▶ _Data to examine_:
---

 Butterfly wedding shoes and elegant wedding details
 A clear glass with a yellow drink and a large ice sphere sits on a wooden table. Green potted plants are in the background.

---

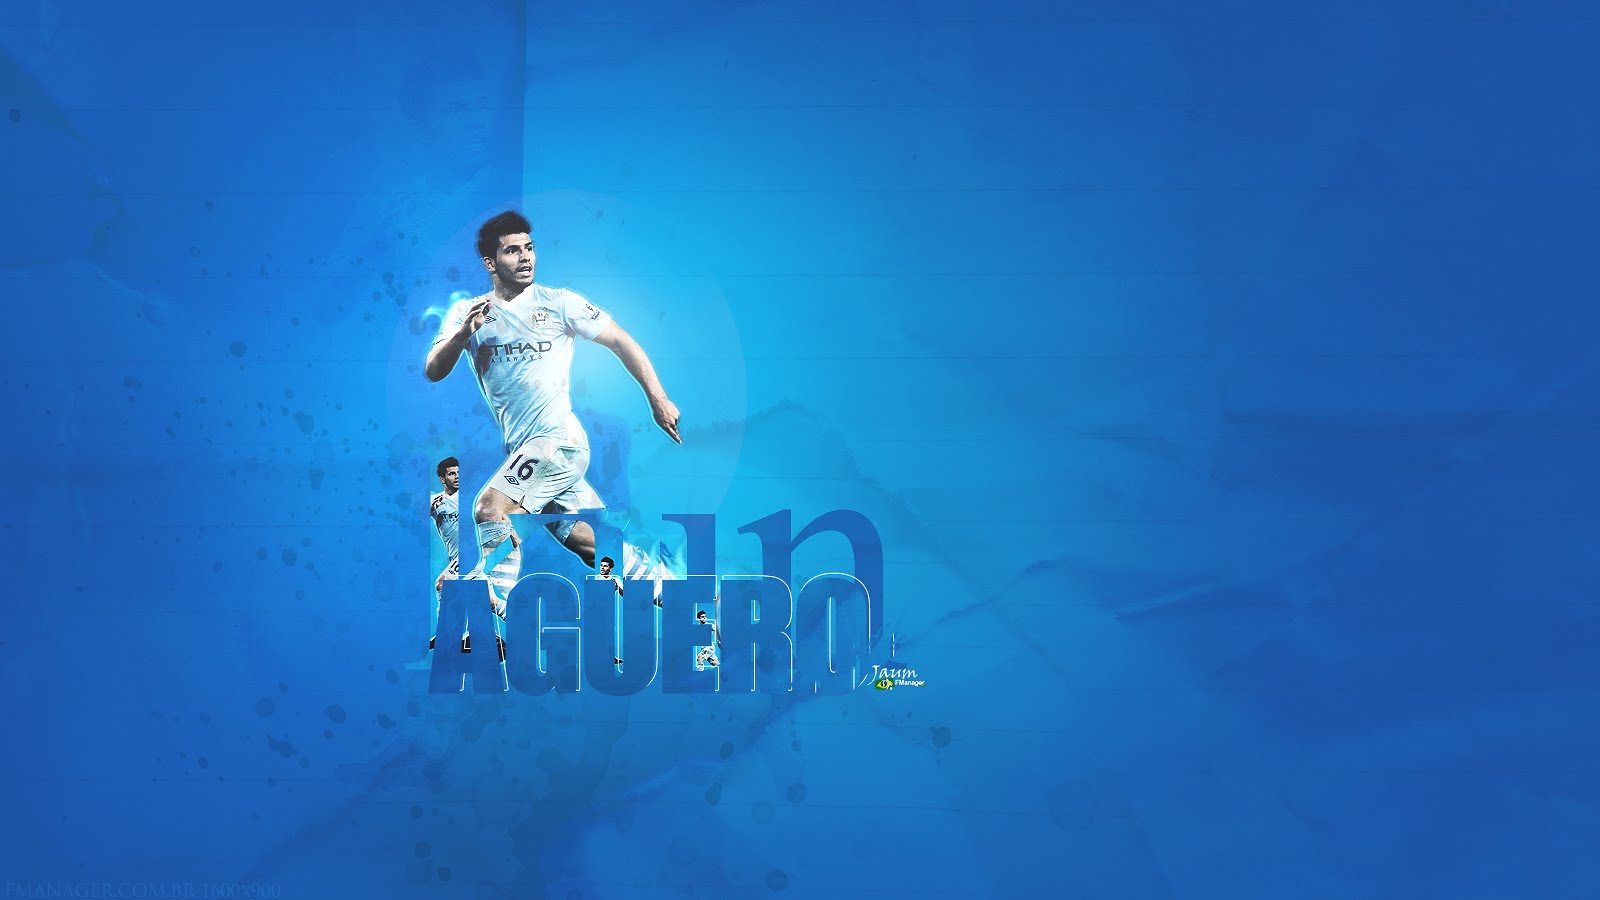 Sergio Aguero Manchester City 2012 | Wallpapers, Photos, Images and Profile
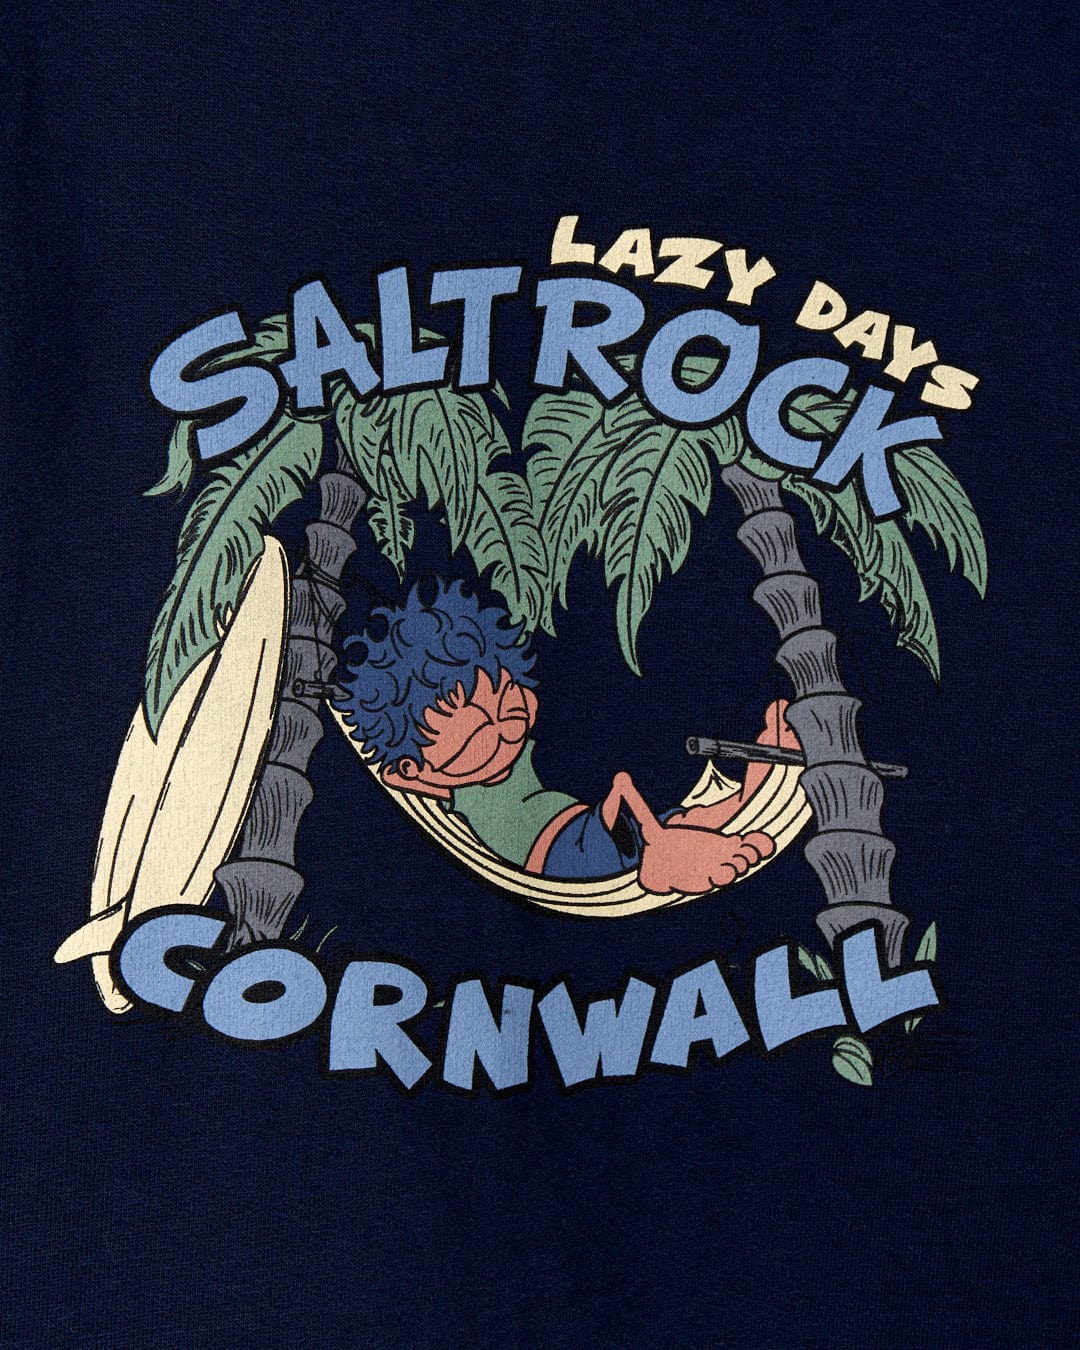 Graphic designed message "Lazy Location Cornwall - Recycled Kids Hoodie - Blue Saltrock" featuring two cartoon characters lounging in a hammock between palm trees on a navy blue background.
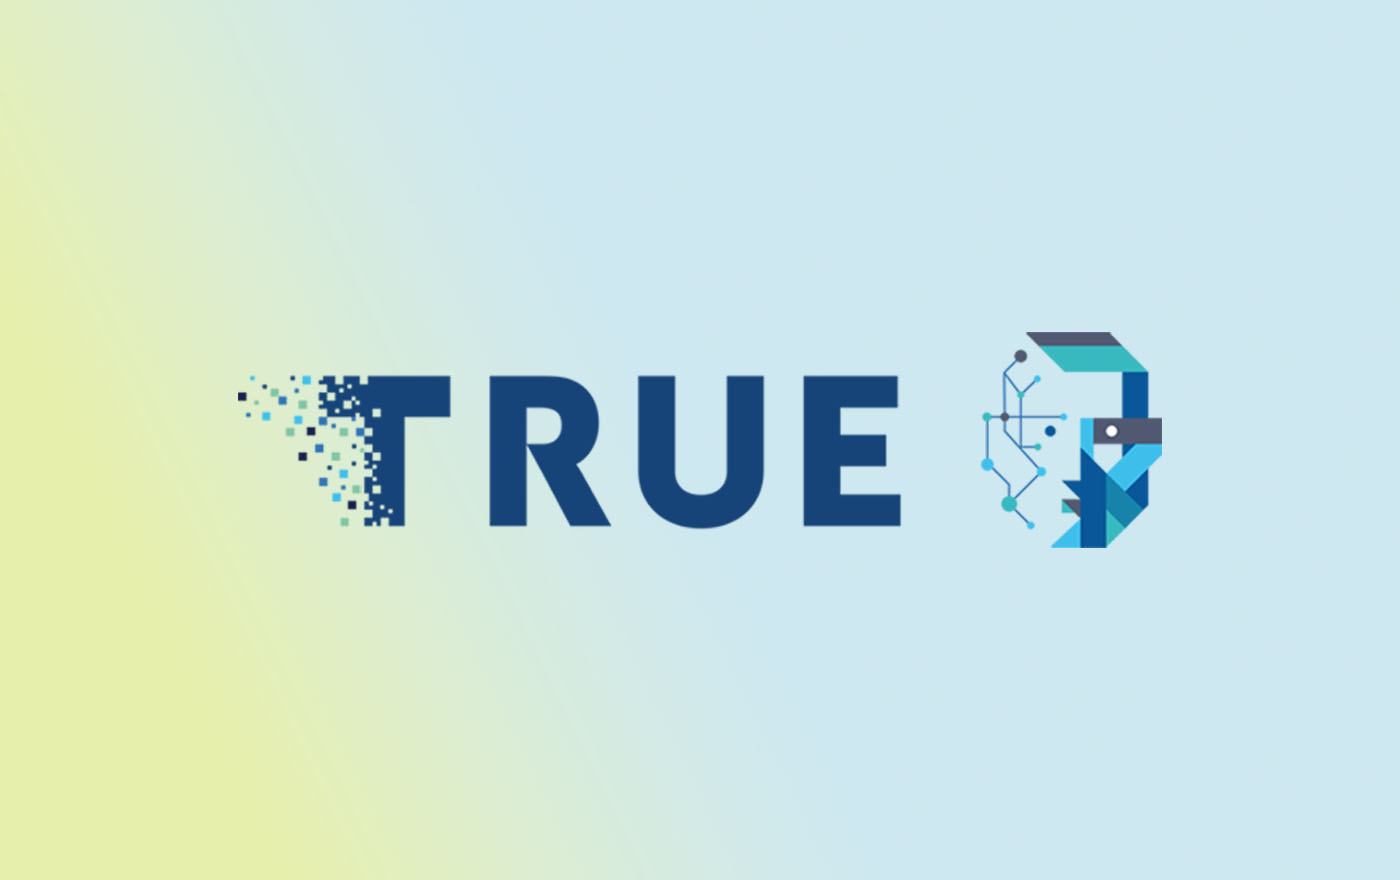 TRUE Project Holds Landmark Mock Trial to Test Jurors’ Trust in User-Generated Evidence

---

▶ _Directions_: Go through the material above and output exactly the lines from the one containing "Butterfly wedding shoes" through the one containing "A clear glass".

▶ _Answer below_:
 Butterfly wedding shoes and elegant wedding details
 A clear glass with a yellow drink and a large ice sphere sits on a wooden table. Green potted plants are in the background.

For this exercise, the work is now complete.